Synthetic Data for Machine Learning Applications

Dr. Hendrik Niemeyer (@hniemeye)

Data Scientist working on predictive analytics with data from pipeline inspection measurements. </div>

Abstract

Tags: data-science python machine learning ai

In this talk I will show how we use real and synthetic data to create successful models for risk assessing pipeline anomalies. The main focus is the estimation of the difference in the statistical properties of real and generated data by machine learning methods.

Description

ROSEN provides predictive analytics for pipelines by detecting and risk assessing anomalies from data gathered by inline inspection measurement devices. Due to budget reasons (pipelines need to be dug up to get acess) ground truth data for machine learning applications in this field are usually scarce, imbalanced and not available for all existing configurations of measurement devices. This creates the need for synthetic data (using FEM simulations and unsupervised learning algorithms) in order to be able to create successful models.

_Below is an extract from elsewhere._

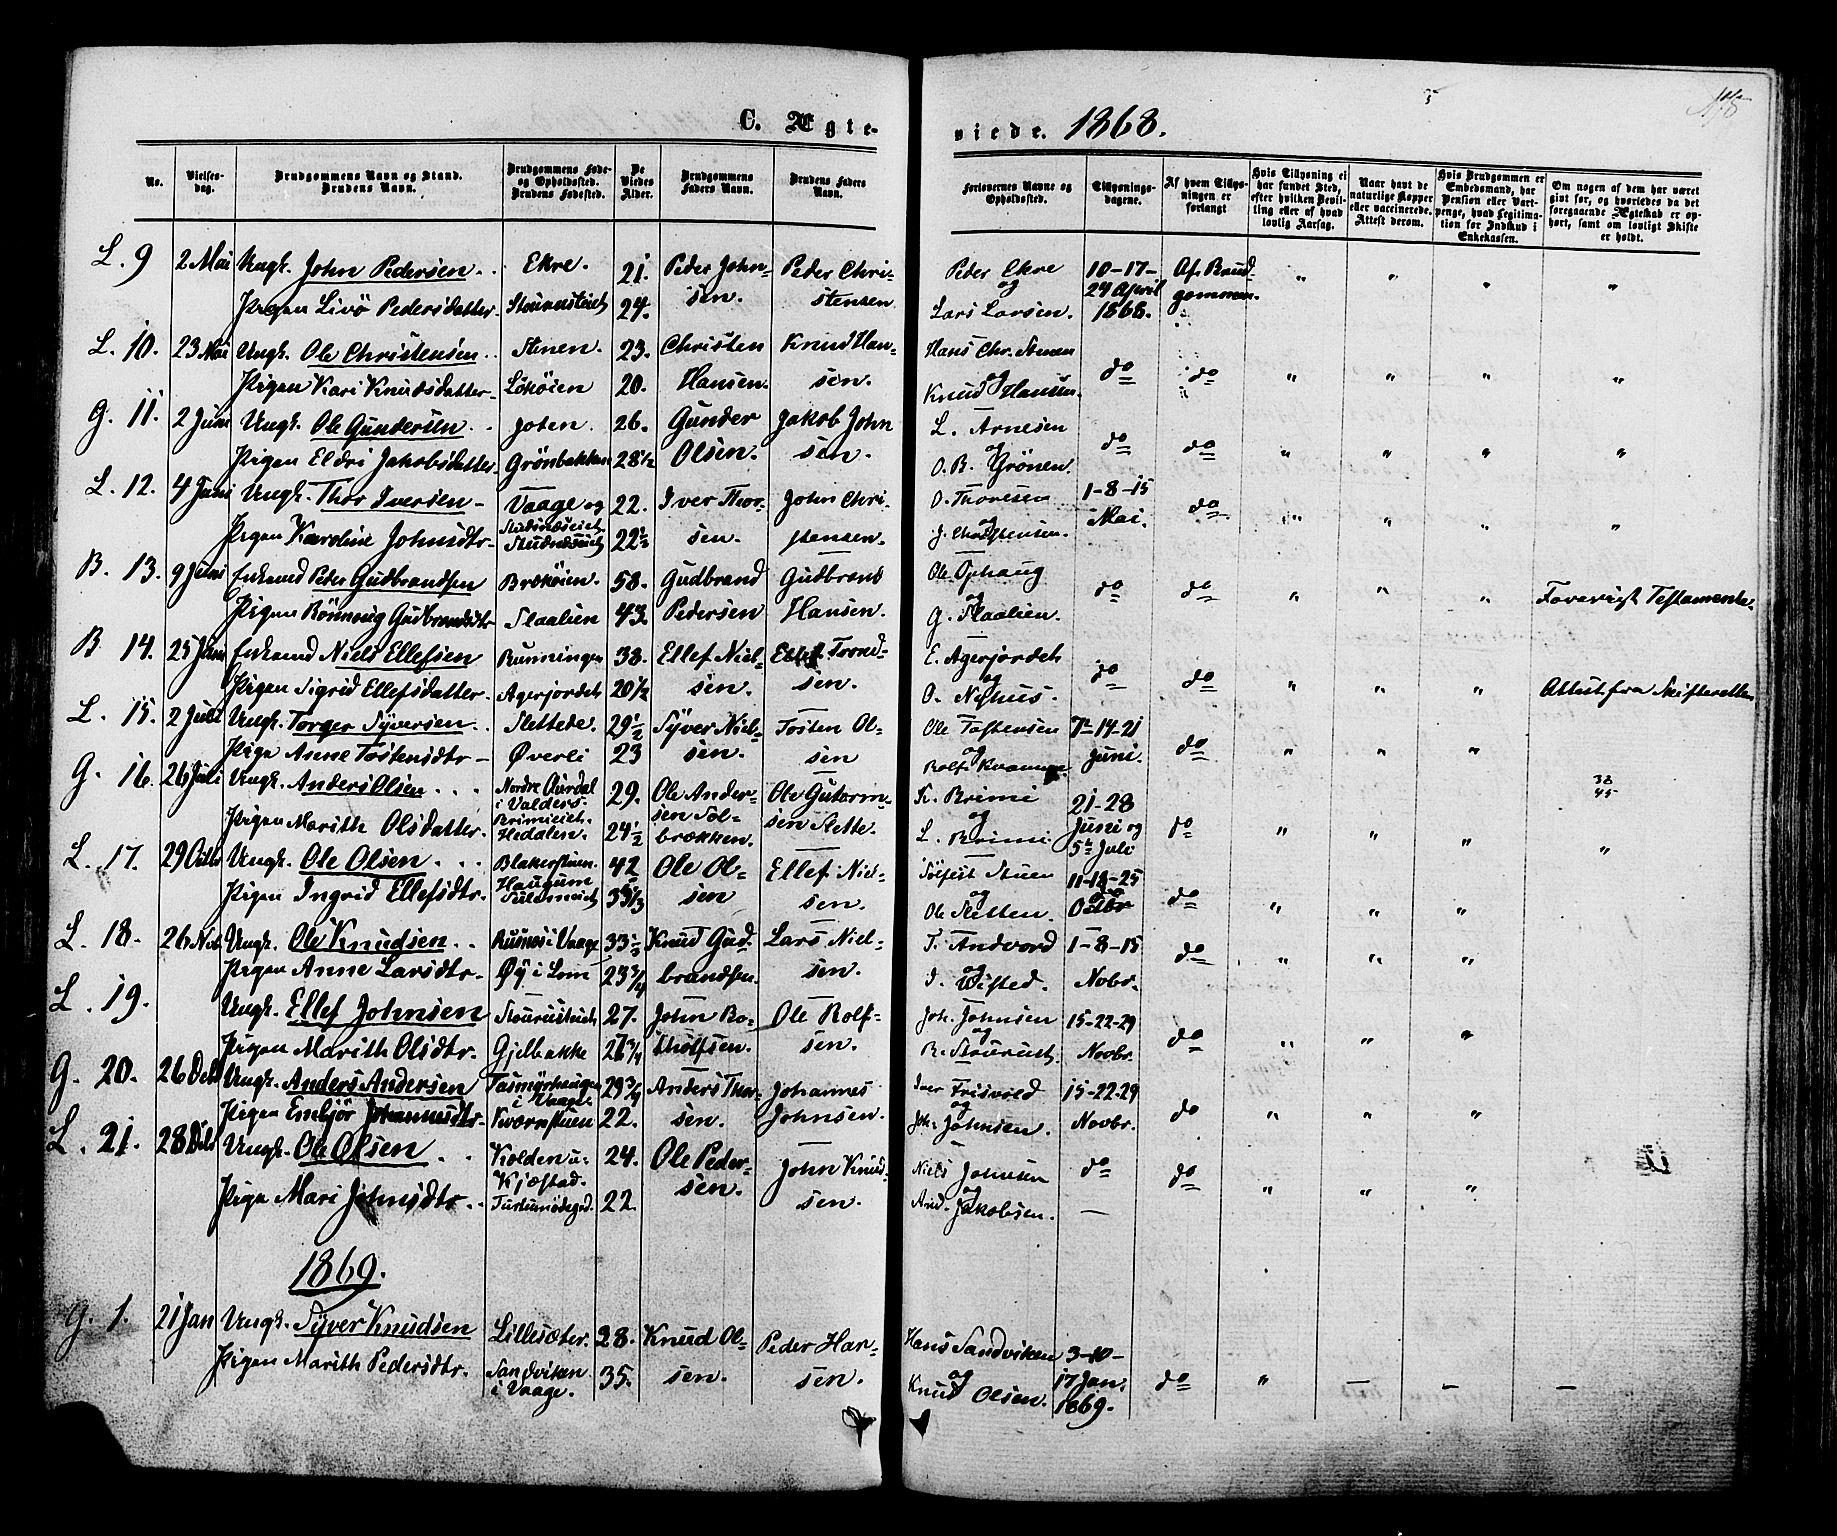 SAH, Lom prestekontor, K/L0007: Ministerialbok nr. 7, 1863-1884, s. 178

But a naive mixture of real-world and synthetic samples in a model does not necessarily yield to an increased predictive performance because of differences in the statistical distributions in feature space. I will show how we evaluate the use of synthetic data besides simple visual inspection. Manifold learning (e.g. TSNE) can be used to gain an insight whether real and generated data are inherently different.
Quantitative approaches like classifiers trained to discriminate between these types of data provide a non visual insight whether a "synthetic gap" in the feature distributions exists.

If the synthetic data is useful for model building careful considerations have to be applied when constructing cross validation folds and test sets to prevent biased estimates of the model performance.